За танками. На танках сидят до
определенного рубежа. Танкист дает команду слезать, и за танками бегом…
— А если танк перед вами
подбили?
Было такое… Их там целая бригада шла. Ну,
обходили…
— А артиллерия вас
сопровождала?
Дальнобойные вперед обстреливали. Но
артиллерия не действовала вместе, параллельно с наступающими.
— Зима снежная была. Как
движение осуществлялось? Не проламывались же в снегу по пояс?
Нет, старались идти по танковому следу.
— Неоднократно видел в
хронике: едет танк, а за ним тянутся на двух тросах сани типа ковша, а в них
бойцы лежат.
У нас не было таких саней. Это было в
других местах, где побольше снегу. На Дону снегу не так уж много было. Степи
голые — выдувало…
— Скажите, танкисты несли
большие потери? Ну, пехота понятно уже.
У танкистов тоже были большие потери. Они
и гусеницы теряли, останавливались поэтому.
— От действия чего:
артиллерии, авиации, пехоты танки несли основные потери?
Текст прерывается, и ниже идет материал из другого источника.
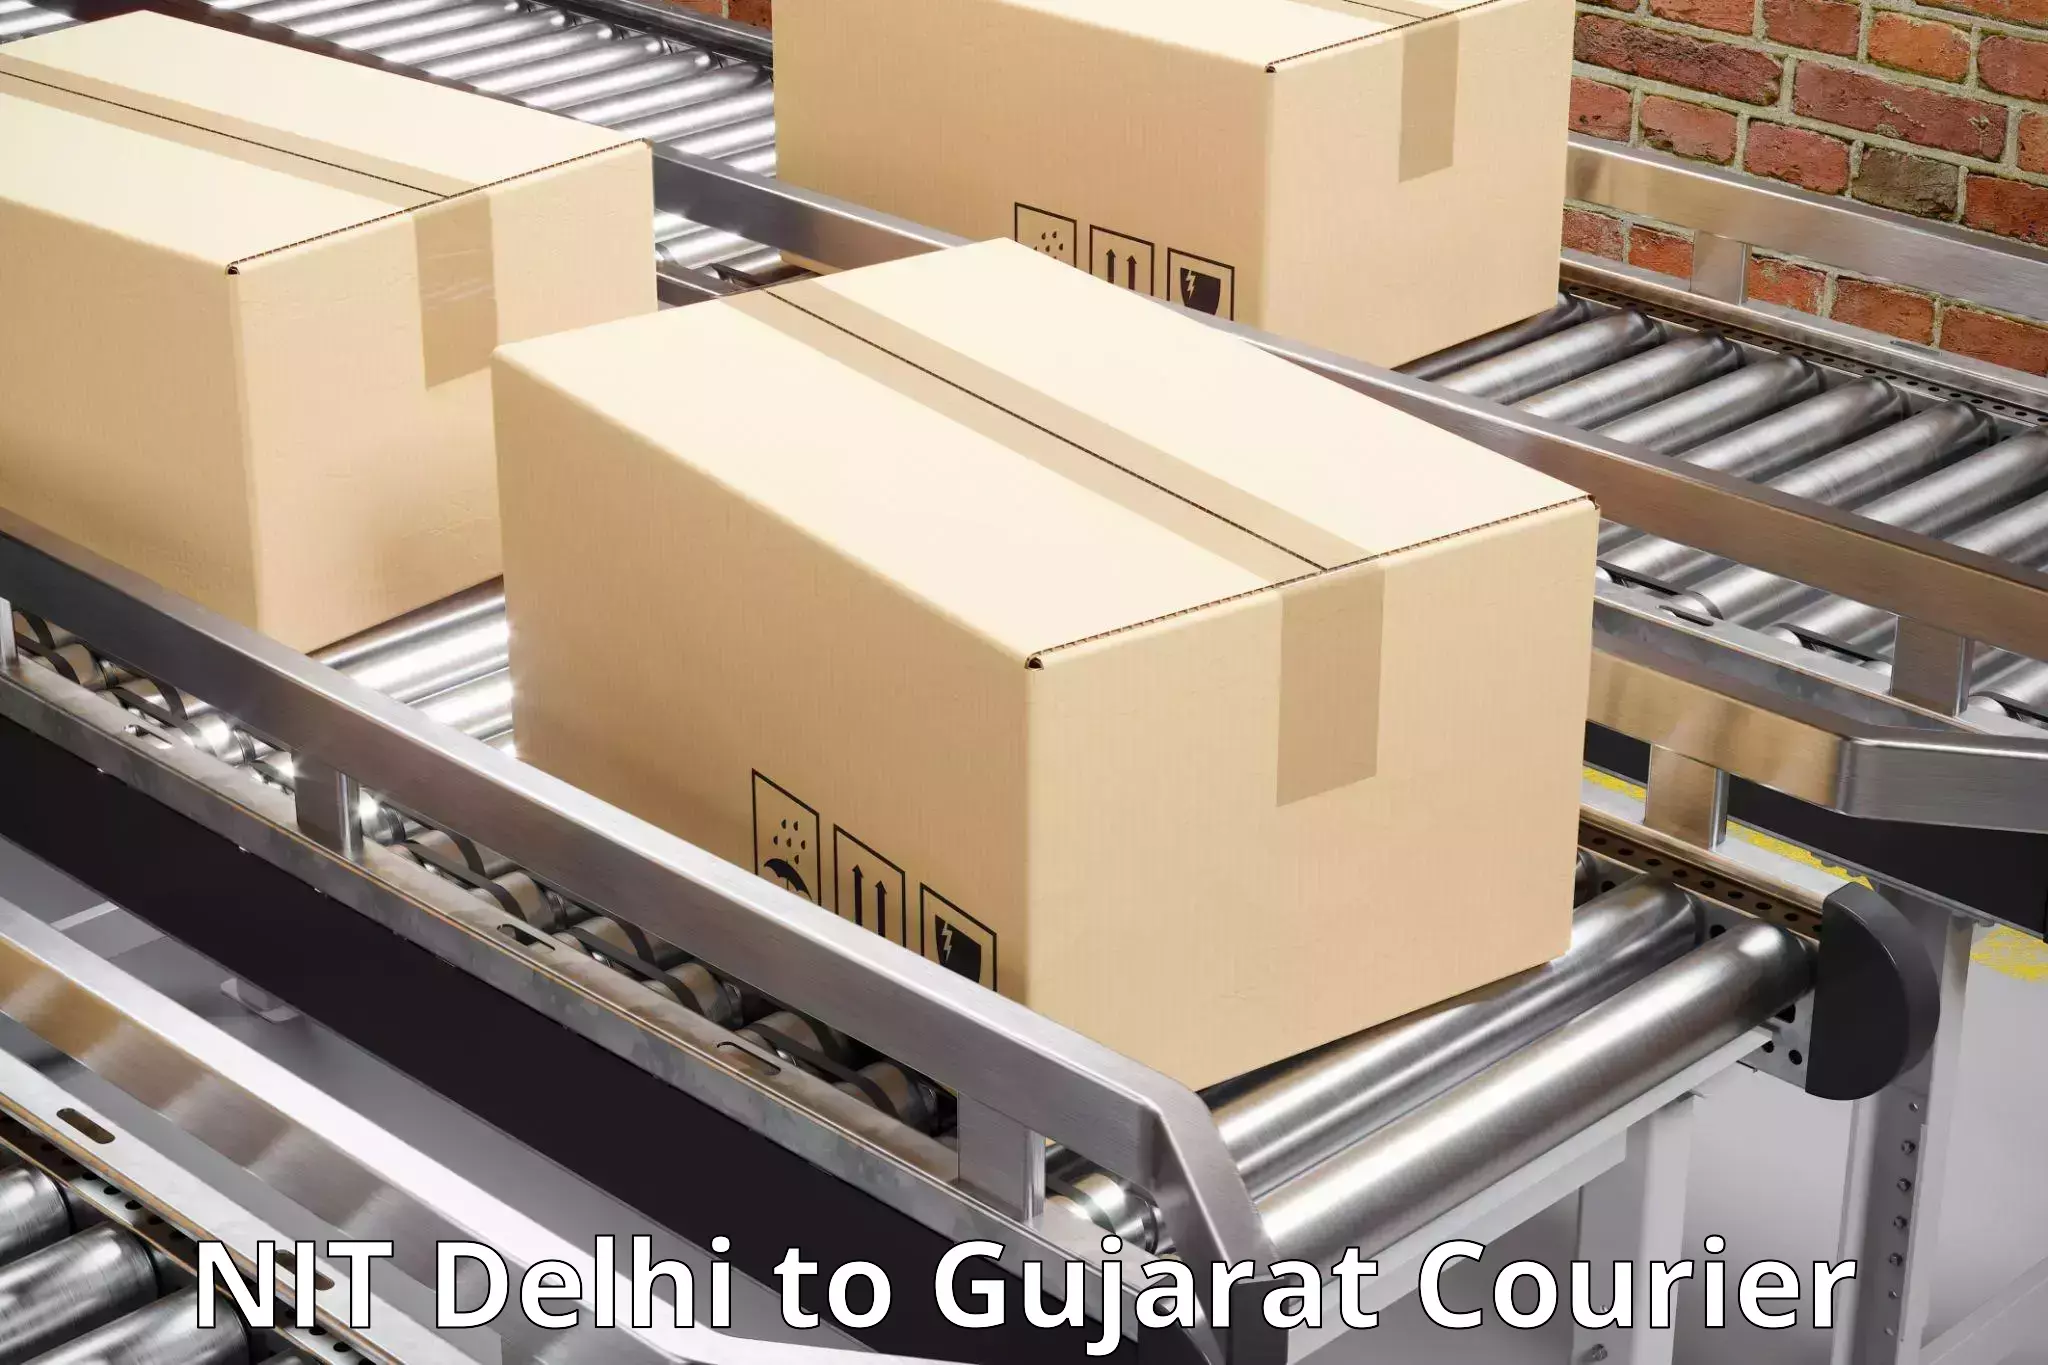 Door-to-door freight service NIT Delhi to Gujarat

В основном от артиллерии и танков. Против
танков шли танки. У немцев в это время танки были лучше. У них и самоходки
хорошо действовали…
— А все-таки, как Вы
считаете, за счет превосходства германского оружия у нас были потери
большие? Или за счет превосходства тактики?
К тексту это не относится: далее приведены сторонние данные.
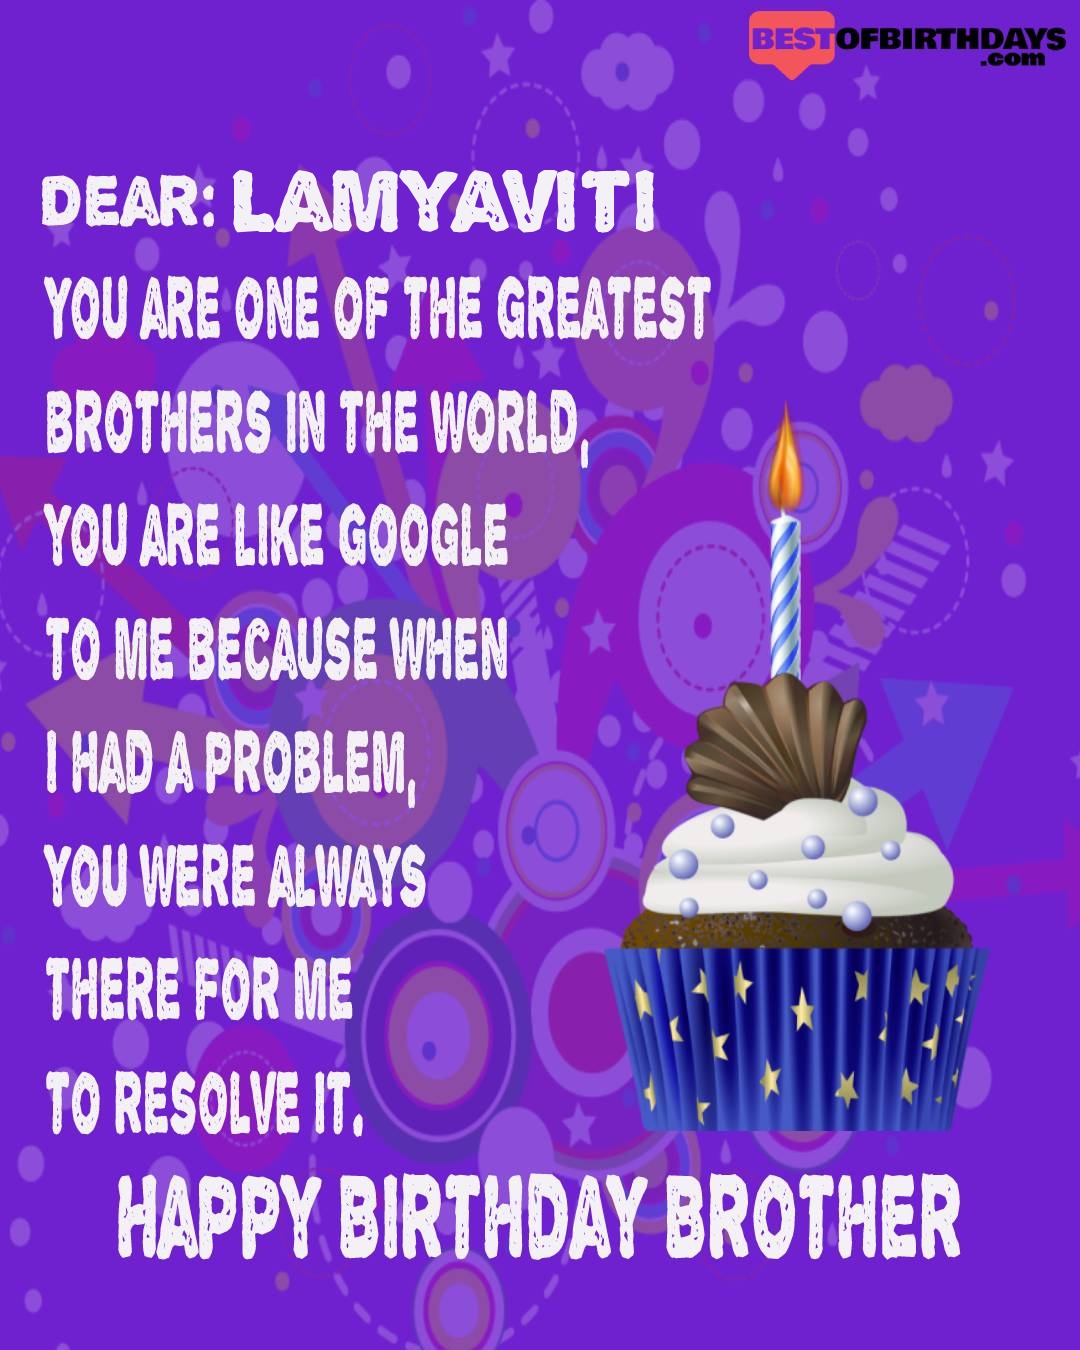 Happy birthday lamyaviti bhai brother bro

Я думаю, что в основном за счет качества
их оружия. А тактика у них была, я думаю слабее нашей.
— Итак, по приказу
Сталина, Вас отправили в авиацию…
Меня направили в штурмовую авиацию, в
седьмой авиационный корпус, который стоял под Сальском, а дивизия — в
Пролетарском. Мы добирались на новое место службы случайными, попутными
поездами. И в это время я ослеп. Ночью меня разбудили ребята, говорят:
— Поехали, поезд пойдет на Сальск.
Я выхожу. И ничего не вижу… Куриная слепота. Хорошо я был с ребятами, они
меня сопровождали.
Сели на поезд, приехали в Сальск. Вышли на вокзале, а я, ну совершенно
ничего не вижу. Чувствую, что я иду по неровному полу, подумал: «Что же это
такое?» Ну, пристроился, лег на пол. Утром проснулся, смотрю: весь пол
застлан спящими солдатами. Я, оказывается, шел, как говорится, «по телам».
Мне еще от Сальска до Пролетарки нужно было добираться. Ребята уже добрались
— их бомбардировочный полк в Сальске был. И дальше ехал один. Приехал
в Пролетарку под вечер, а куда идти не знал. В какой-то дом, постучался, и
меня пустили. Женщина выслушала меня и уложила на какую-то кушетку. Утром
встал, и опять нормально вижу, все хорошо. Пришел в полк, оказался учебный
— 7 утап. Командир посмотрел мои документы, и говорит:
— Нет, это не к нам. Вам нужно в 7-й корпус. Вы сядьте на попутку.
На попутке добрался… А там все вместе и штаб дивизии, и штаб корпуса, и полк
наш 232-й там же.
Командиром полка тогда был полковник Авакумов, такой солидный мужчина, а
командиром эскадрильи — майор Курицын. Он меня и определил в свою 2-ю
эскадрилью, и взял меня его самолет обслуживать.
Я работал, но никто не знал, что я ничего не вижу в темноте. А почему я
никому не говорил? Да боялся, что признают негодным и обратно в пехоту
отправят. Месяц, наверное, если не больше, скрывал свою курную слепоту.
Фото: Майор Курицын, погиб в 1943 году в Пологе при
вылете
на удар по танковому корпусу противника
— Когда Вы в первый раз
увидели самолет «Ил-2», каково первое впечатление?
Меня после двухмоторного бомбардировщика
«СБ» удивить трудно было.
— А Ваше впечатление?
Понравился? Не понравился?
И так трудно сказать, что понравился. Ну,
конечно, по сравнению с самолетами, что я до этого обслуживал, совсем другое
дело. Моторы сильные, броня опять же… Вот только броня для техника – это
просто сущее наказание…
Но страха особо не было. Почему? Потому что, принцип, как говорится,
обслуживания тот же самый. Заправить его надо, зарядить, потом это, то…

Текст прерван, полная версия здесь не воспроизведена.